▶ What you should do
Reproduce exactly the lines of the material beneath, from the line that contains "Three wine bottles" to the line that contains "Antique fishing lure, crazy shad", both included, and no other lines.

▶ Data to use
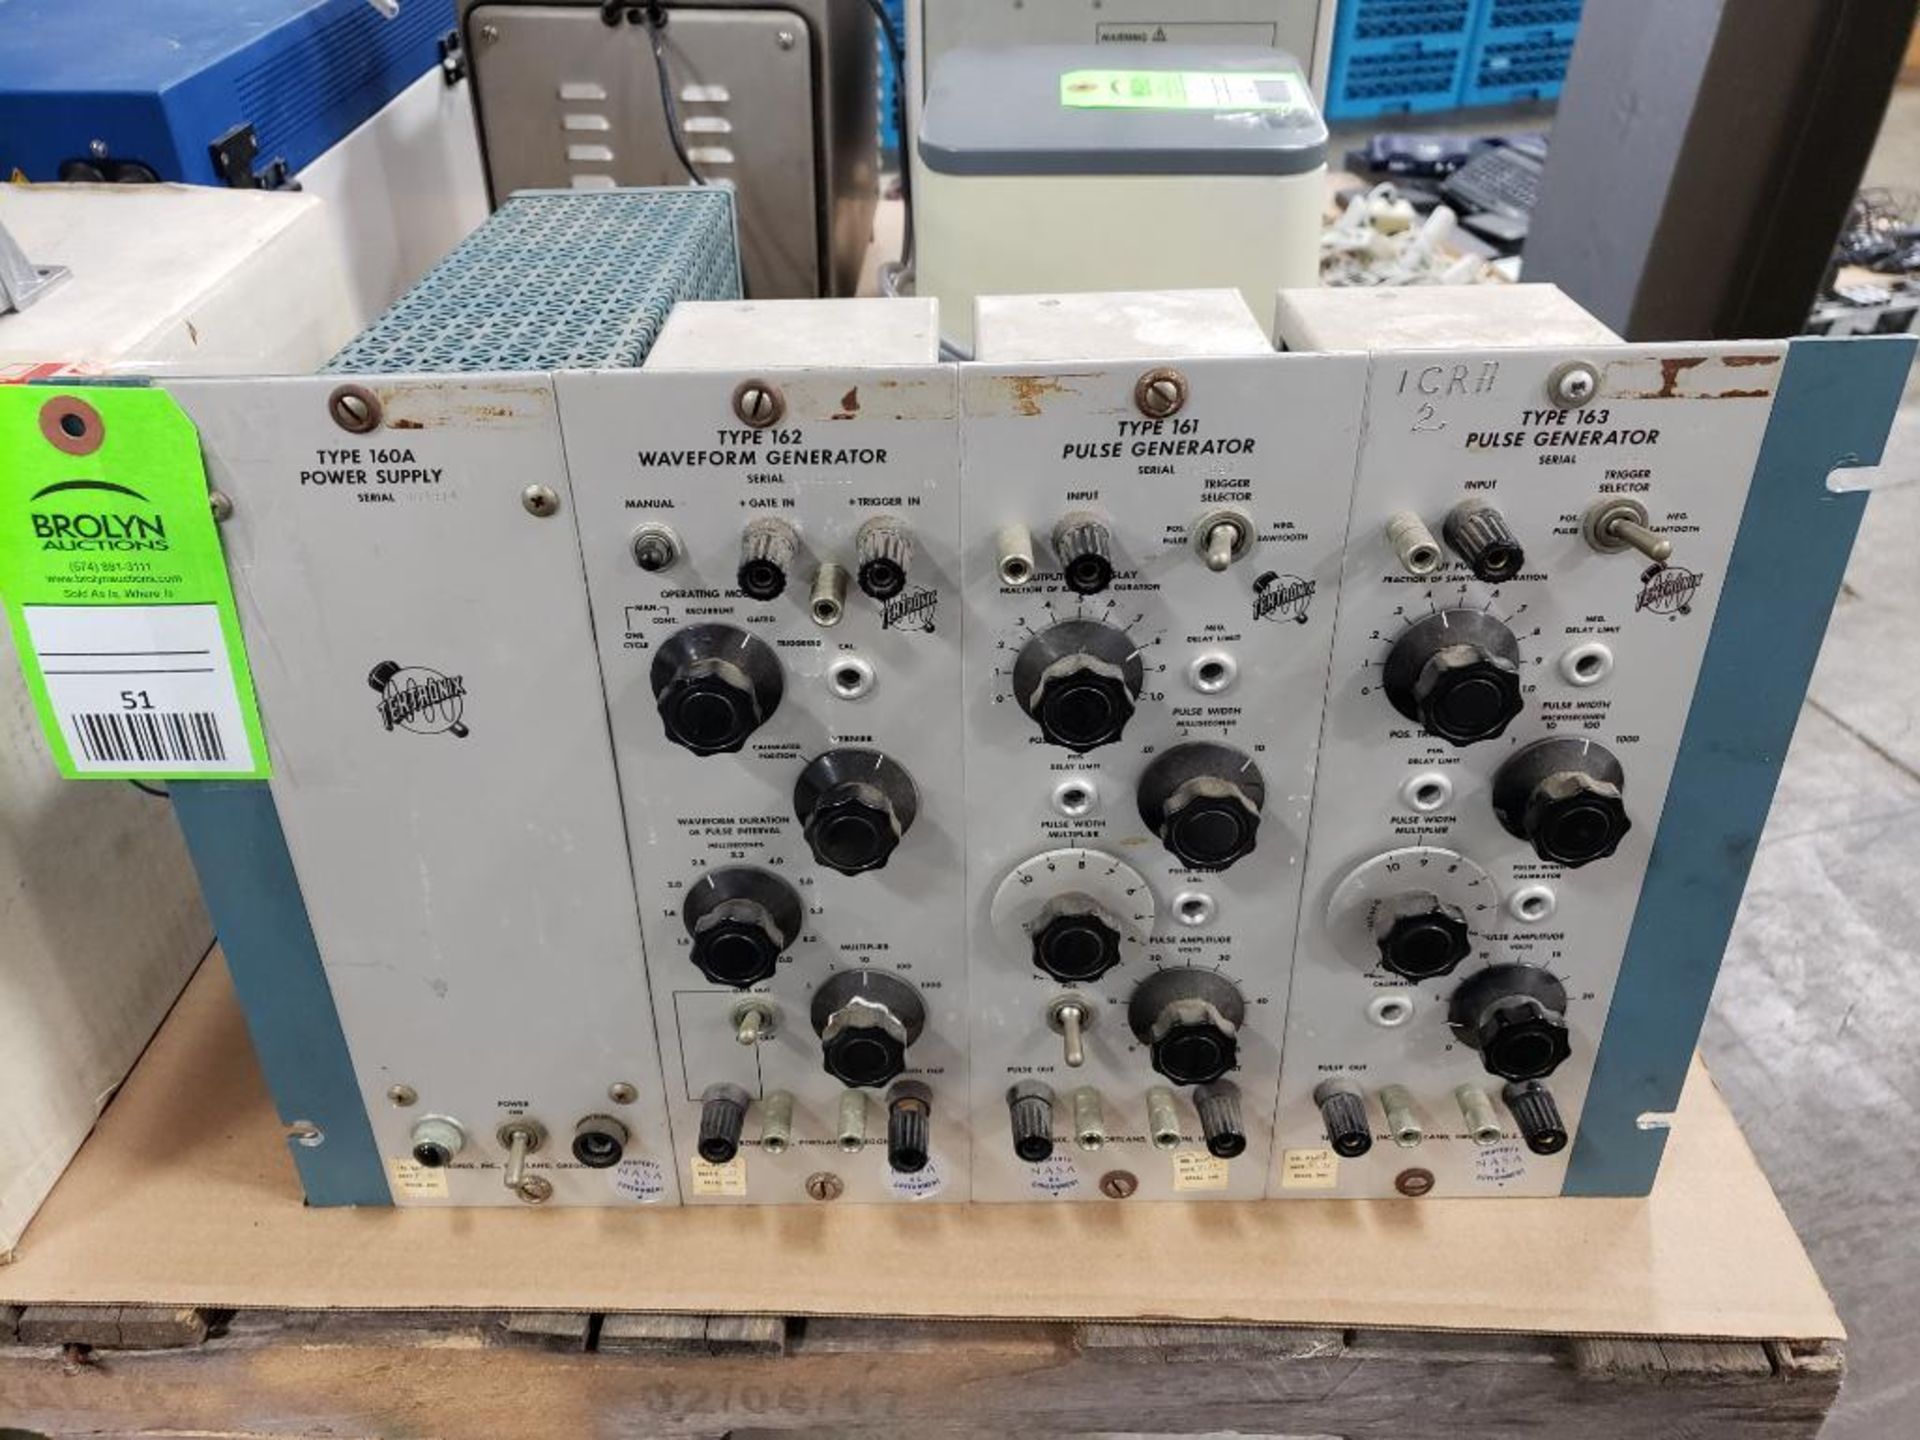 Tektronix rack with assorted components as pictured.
---
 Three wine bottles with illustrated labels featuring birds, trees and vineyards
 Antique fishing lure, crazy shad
---
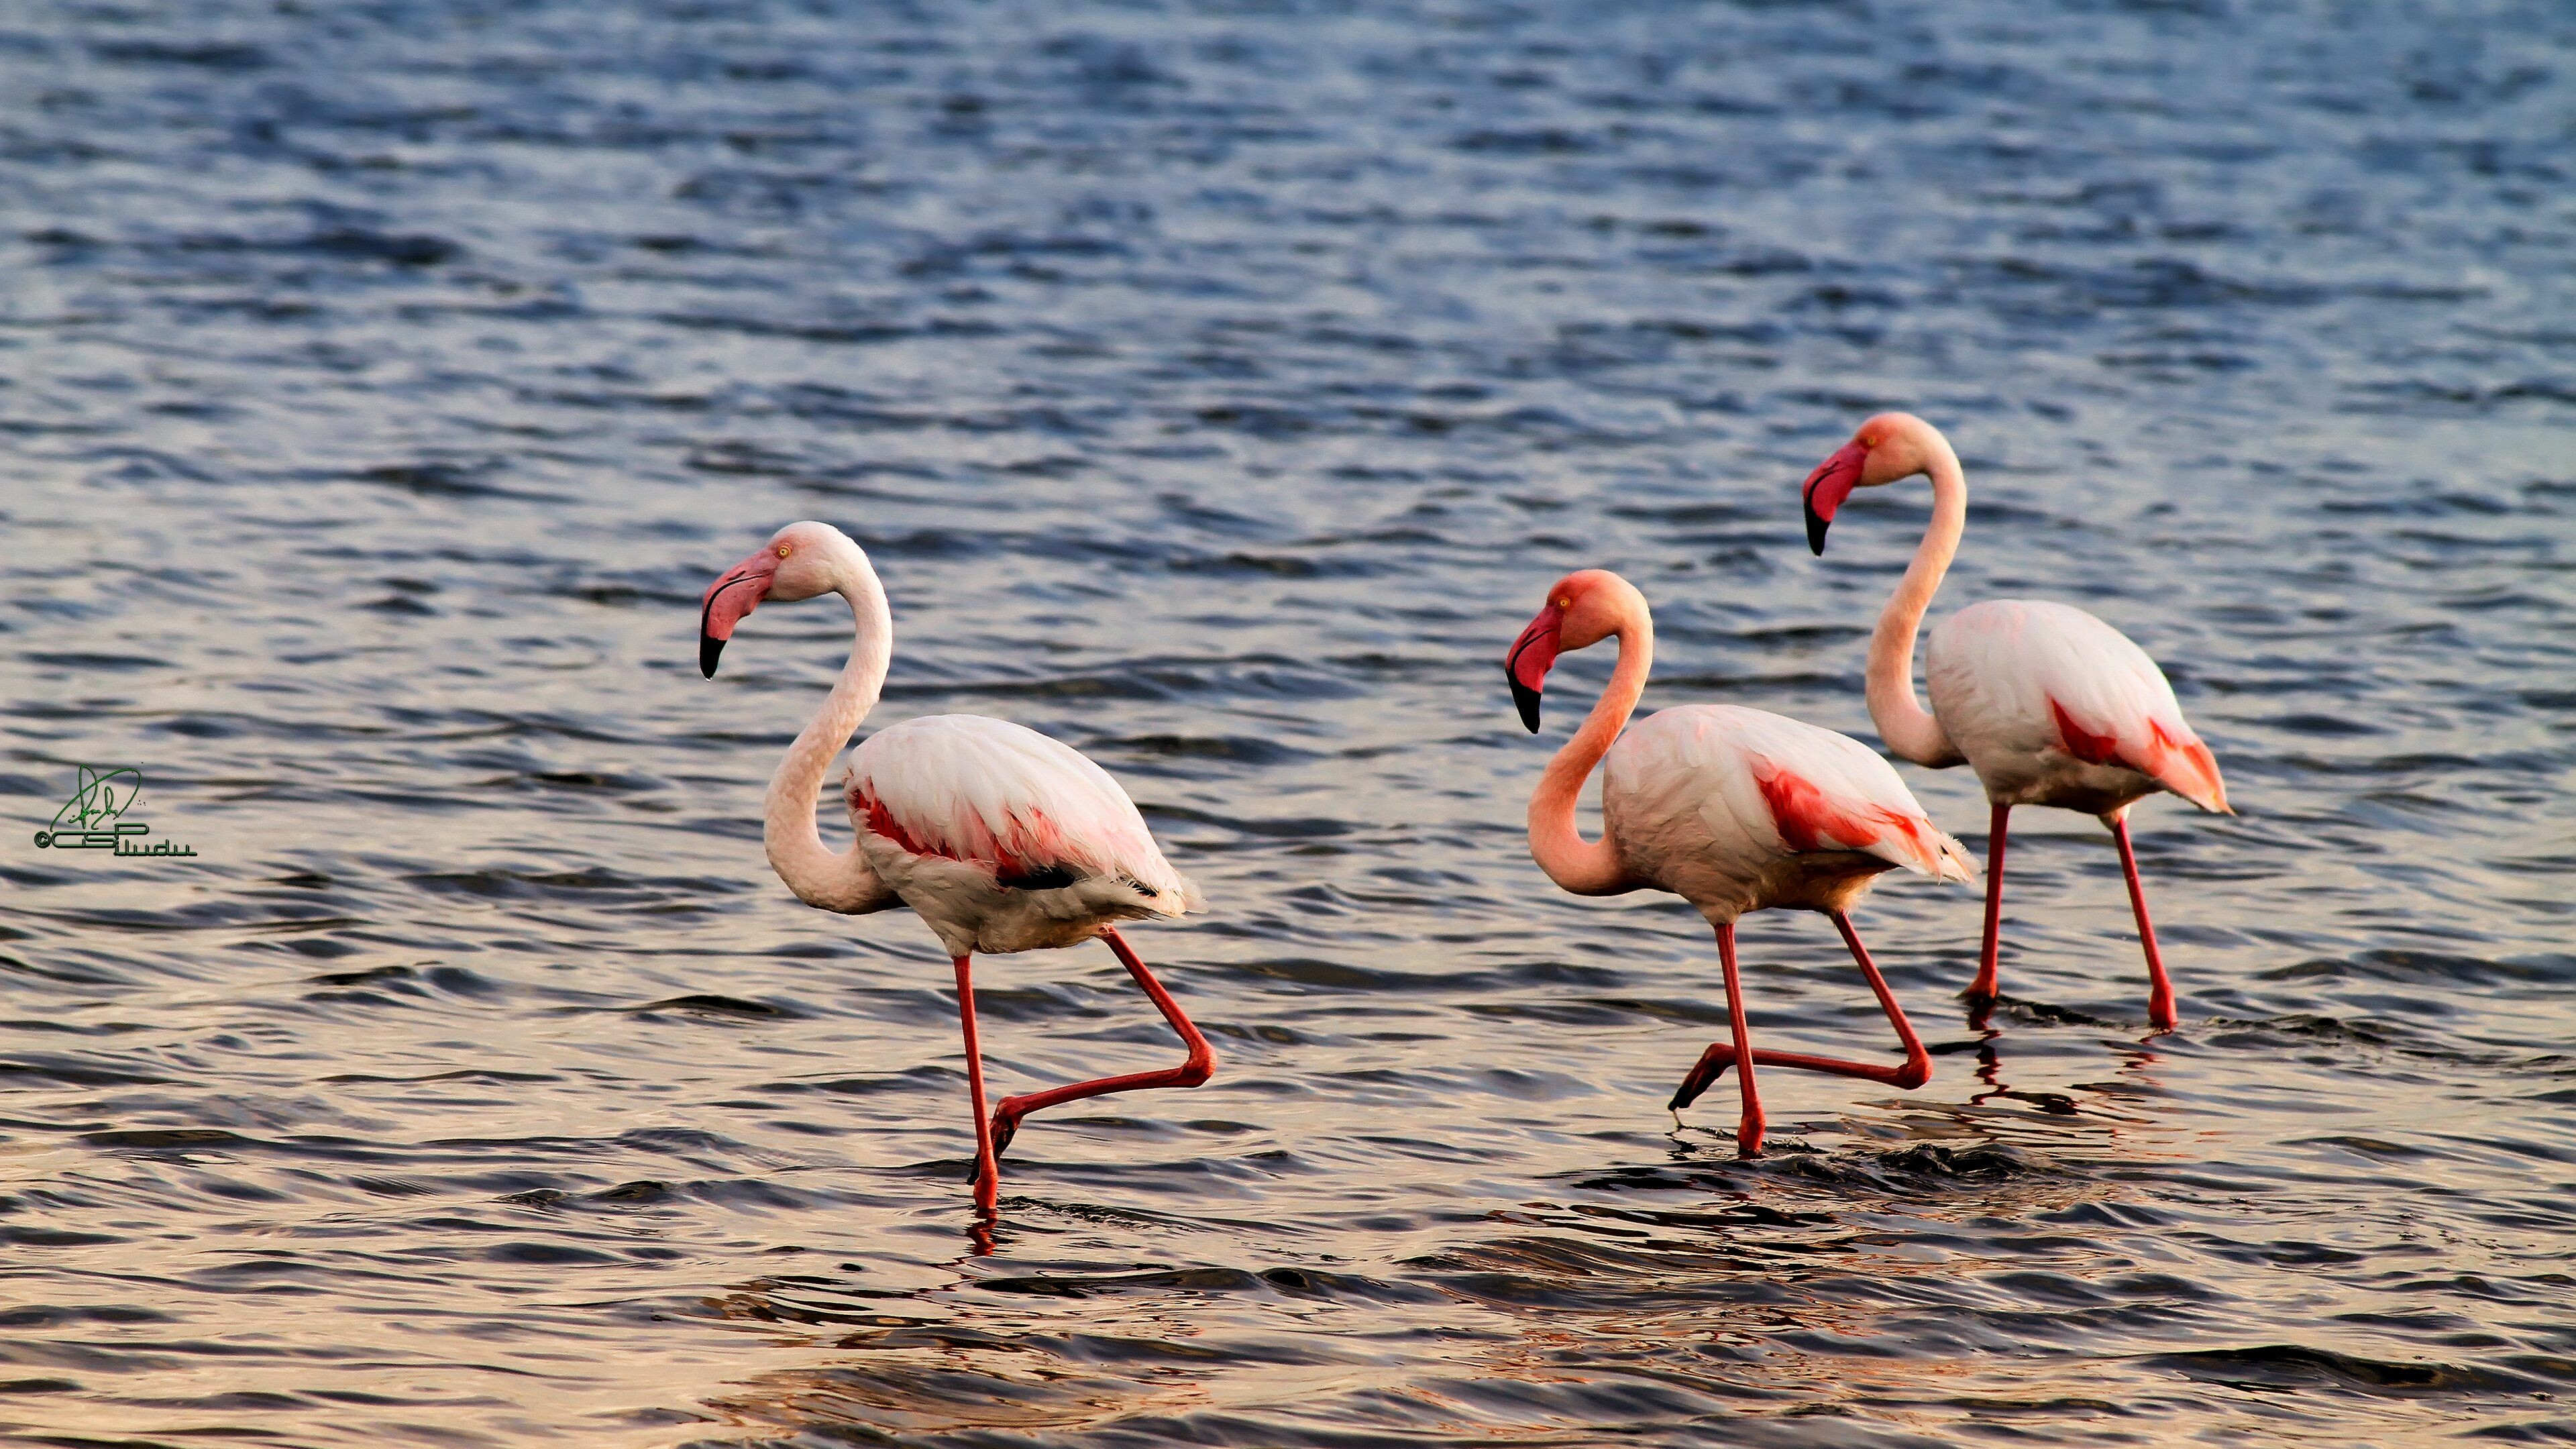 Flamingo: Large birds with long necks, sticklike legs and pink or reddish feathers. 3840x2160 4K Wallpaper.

▶ Exercise solution
 Three wine bottles with illustrated labels featuring birds, trees and vineyards
 Antique fishing lure, crazy shad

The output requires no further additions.